The transcription factor AP-1 (activator protein-1) regulates a number of genes that drive tumor promotion and progression. While basal levels of AP-1 activity are important for normal cell proliferation and cell survival, overactivated AP-1-dependent gene expression stimulates inflammation, angiogenesis, invasion, and other events that propel carcinogenesis. We seek to discover genes targeted by carcinogenesis inhibitors that do not also inhibit cell proliferation or survival. Transgenic TAM67 (dominant-negative c-Jun) inhibits mouse skin tumorigenesis and tumor progression without inhibiting cell proliferation or induced hyperproliferation. Expression profiling of wild-type and K14-TAM67 mouse epidermis has revealed a number of functionally significant genes that are induced by tumor promoters in wild-type mice but not in those expressing the AP-1 blocker. The current study now identifies Wnt5a signaling as a new target of TAM67 when it inhibits DMBA/TPA-induced carcinogenesis. Wnt5a is required to maintain the tumor phenotype in tumorigenic mouse JB6 cells and Ras-transformed human squamous carcinoma HaCaT-II4 cells, as Wnt5a knockdown suppresses anchorage-independent and tumor xenograft growth. The oncogenic Wnt5a-mediated pathway signals through activation of the protein kinase PKCα and oncogenic transcription factor STAT3 phosphorylation and not through the canonical Wnt/β-catenin pathway. Similar to Wnt5a knockdown, inhibitors of PKCα blocked STAT3 activation in both mouse JB6 and human HaCaT-II4 tumor cells. Moreover, expression of STAT3-regulated genes FAS, MMP3, IRF1, and cyclin D1 was suppressed with Wnt5a knockdown. Treatment of mouse Wnt5a knockdown cells with a PKCα-specific activator rescued phosphorylation of STAT3. Thus, Wnt5a signaling is required for maintaining the tumor phenotype in squamous carcinoma cells, Wnt5a targeting by the AP-1 blockade contributes to inhibition of skin carcinogenesis, and the signaling pathway traverses PKCα and STAT3 activation. Coordinate overactivation of Wnt5a expression and STAT3 signaling is observed in human skin and colon cancers as well as glioblastoma.

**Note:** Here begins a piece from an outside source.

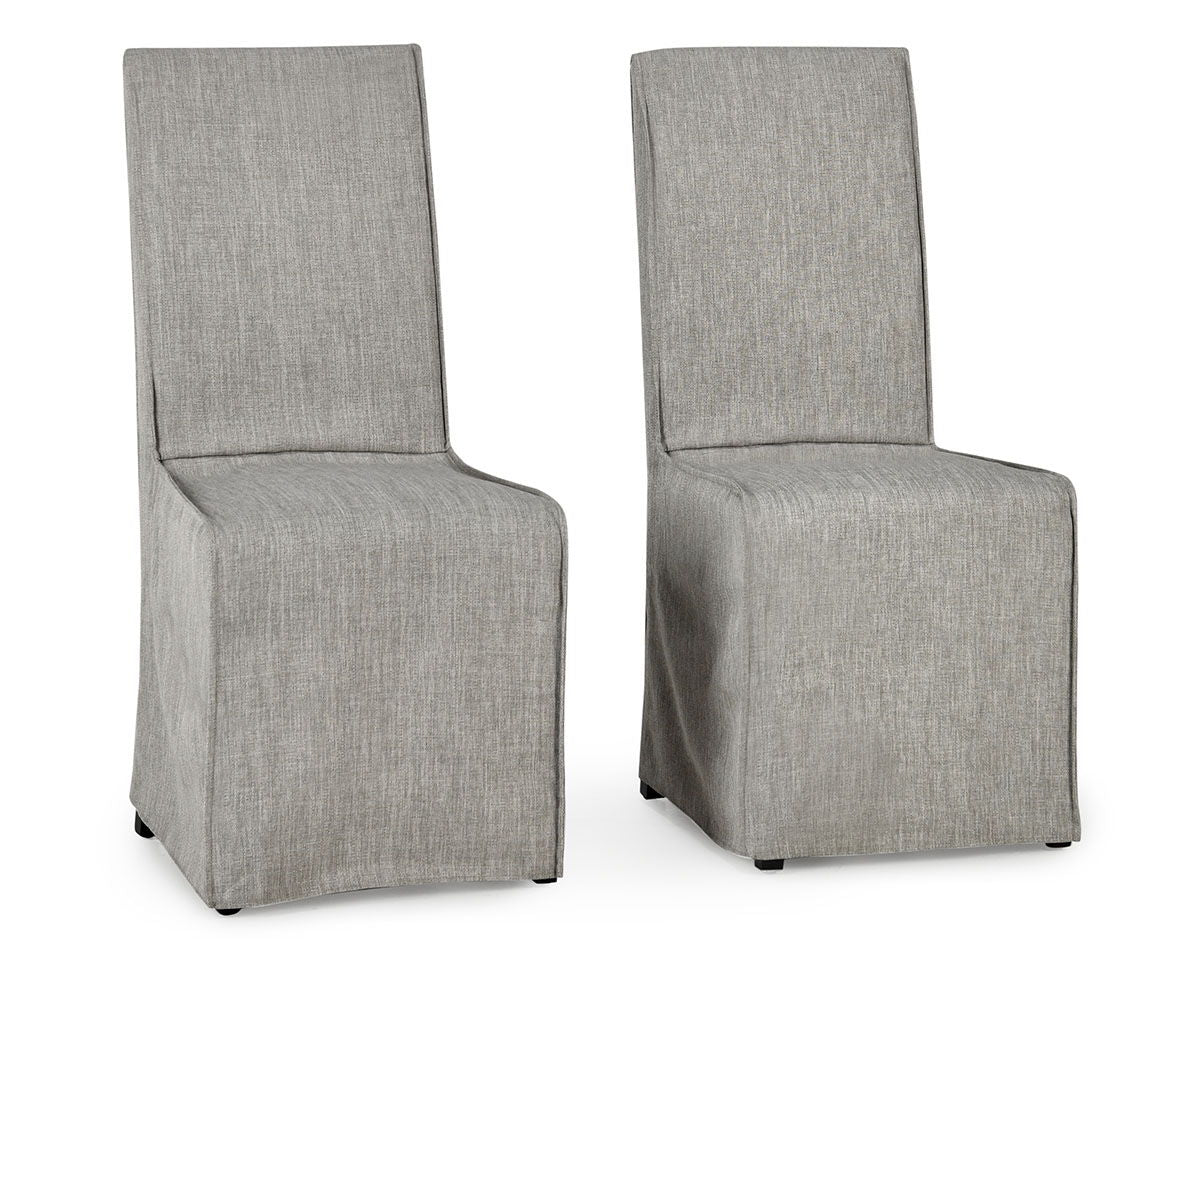 Jordan - Upholstered Dining Chair (Set of 2)
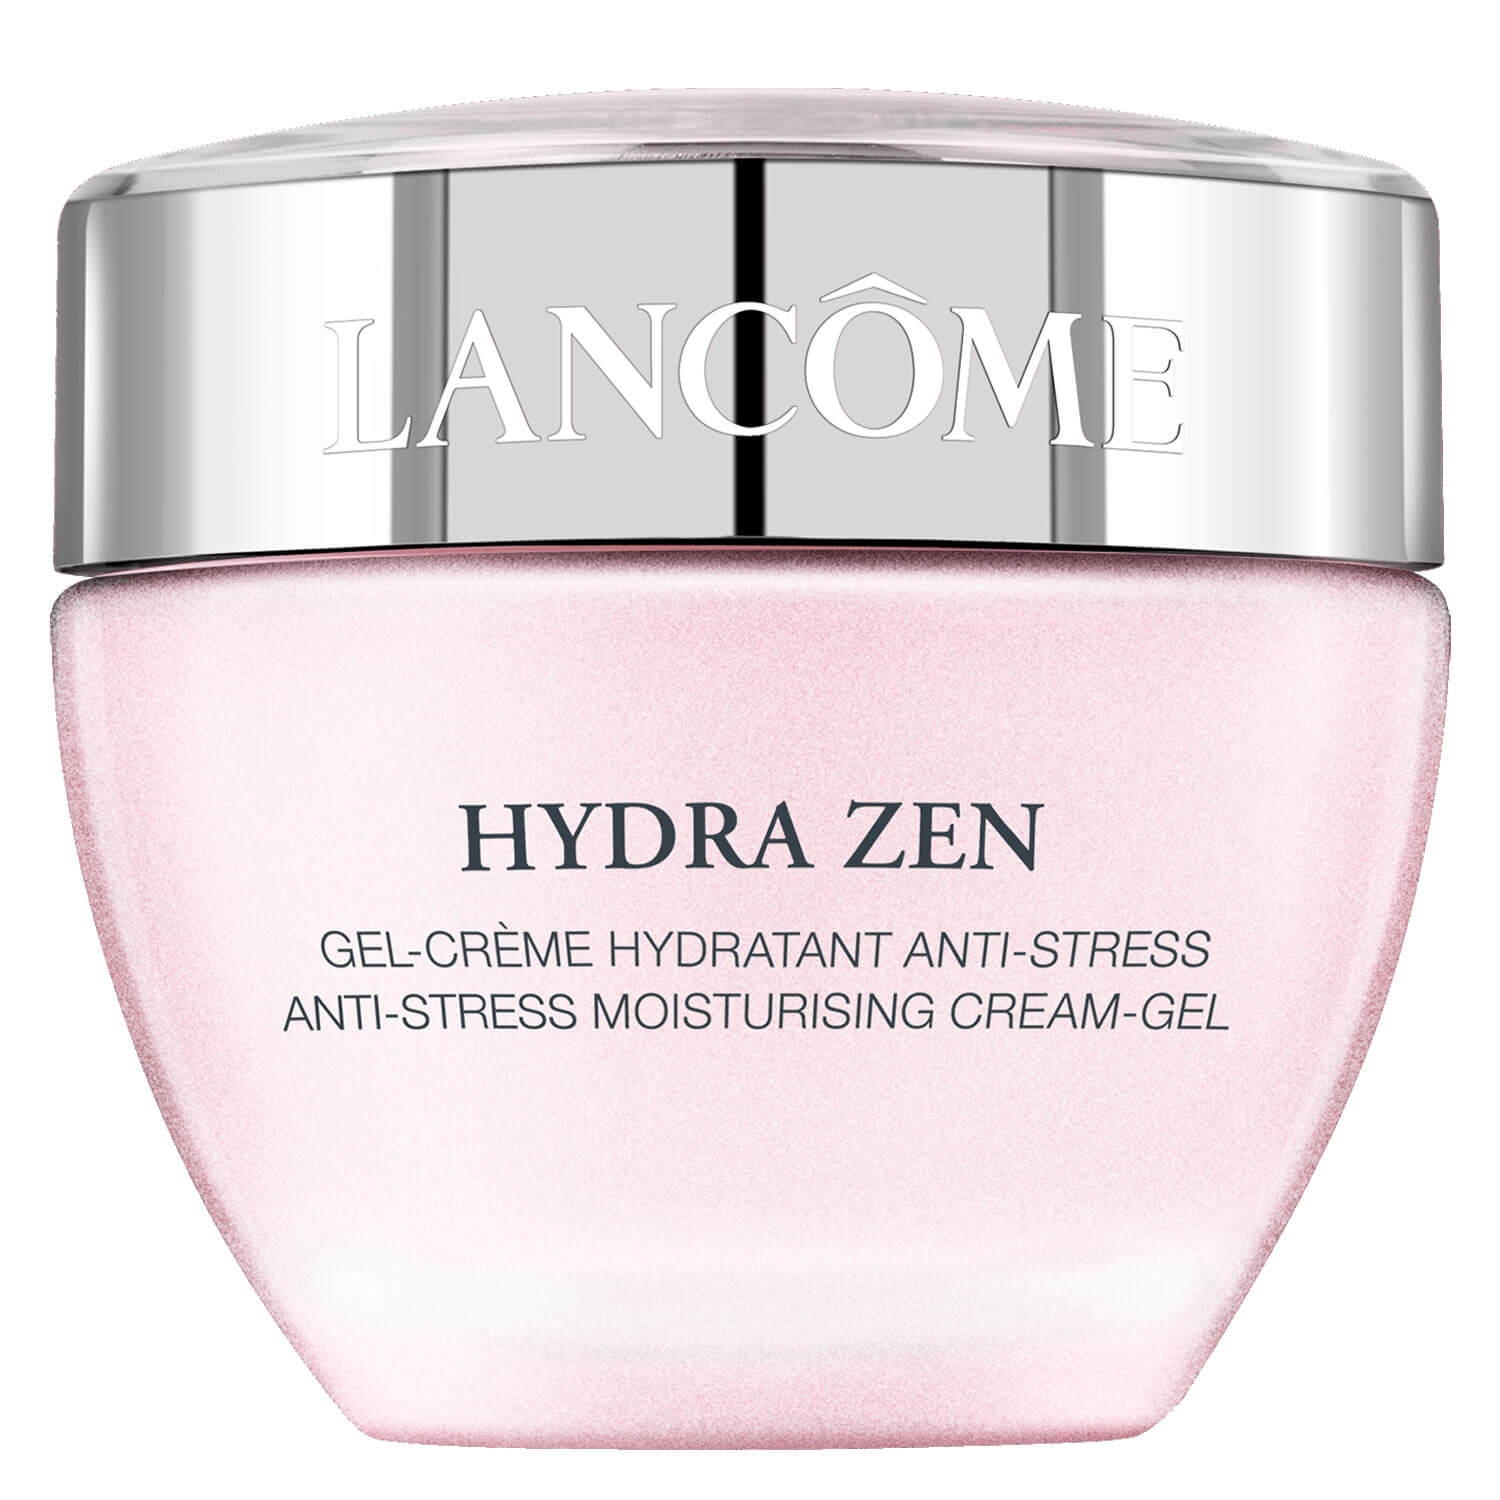 Produktbild von Hydra Zen - Gel-Crème

转录因子AP-1(激活蛋白-1)调控许多驱动肿瘤促进和进展的基因。虽然AP-1活性的基础水平对正常细胞增殖和细胞存活很重要,但过度激活的AP-1依赖性基因表达会刺激炎症、血管生成、侵袭以及其他推动致癌作用的事件。我们试图发现致癌作用抑制剂所靶向的基因,这些基因不会同时抑制细胞增殖或存活。转基因TAM67(显性负性c-Jun)可抑制小鼠皮肤肿瘤发生和肿瘤进展,而不抑制细胞增殖或诱导过度增殖。野生型和K14-TAM67小鼠表皮的表达谱分析揭示了许多功能上重要的基因,这些基因在野生型小鼠中由肿瘤启动子诱导表达,但在表达AP-1阻断剂的小鼠中则不然。当前研究现已确定,在TAM67抑制二甲基苯并蒽/十四烷酰佛波醇乙酯(DMBA/TPA)诱导的致癌作用时,Wnt5a信号传导是TAM67的一个新靶点。Wnt5a是致瘤性小鼠JB-6细胞和Ras转化的人鳞状细胞癌HaCaT-II4细胞维持肿瘤表型所必需的,因为Wnt5a基因敲低会抑制非锚定依赖性生长和肿瘤异种移植生长。致癌性Wnt5a介导的信号通路通过蛋白激酶PKCα的激活以及致癌性转录因子STAT3的磷酸化来传导,而不是通过经典的Wnt/β-连环蛋白信号通路。与Wnt5a基因敲低类似,PKCα抑制剂可阻断小鼠JB-6和人HaCaT-II4肿瘤细胞中的STAT3激活。此外,Wnt5a基因敲低会抑制STAT3调控基因FAS、MMP3、IRF1和细胞周期蛋白D1的表达。用PKCα特异性激活剂处理小鼠Wnt5a基因敲低细胞可挽救STAT3的磷酸化。因此,Wnt5a信号传导是维持鳞状细胞癌细胞肿瘤表型所必需的,AP-1阻断对Wnt5a的靶向作用有助于抑制皮肤癌发生,并且该信号通路通过PKCα和STAT3激活来传导。在人类皮肤癌、结肠癌以及胶质母细胞瘤中观察到Wnt5a表达和STAT3信号传导的协同过度激活。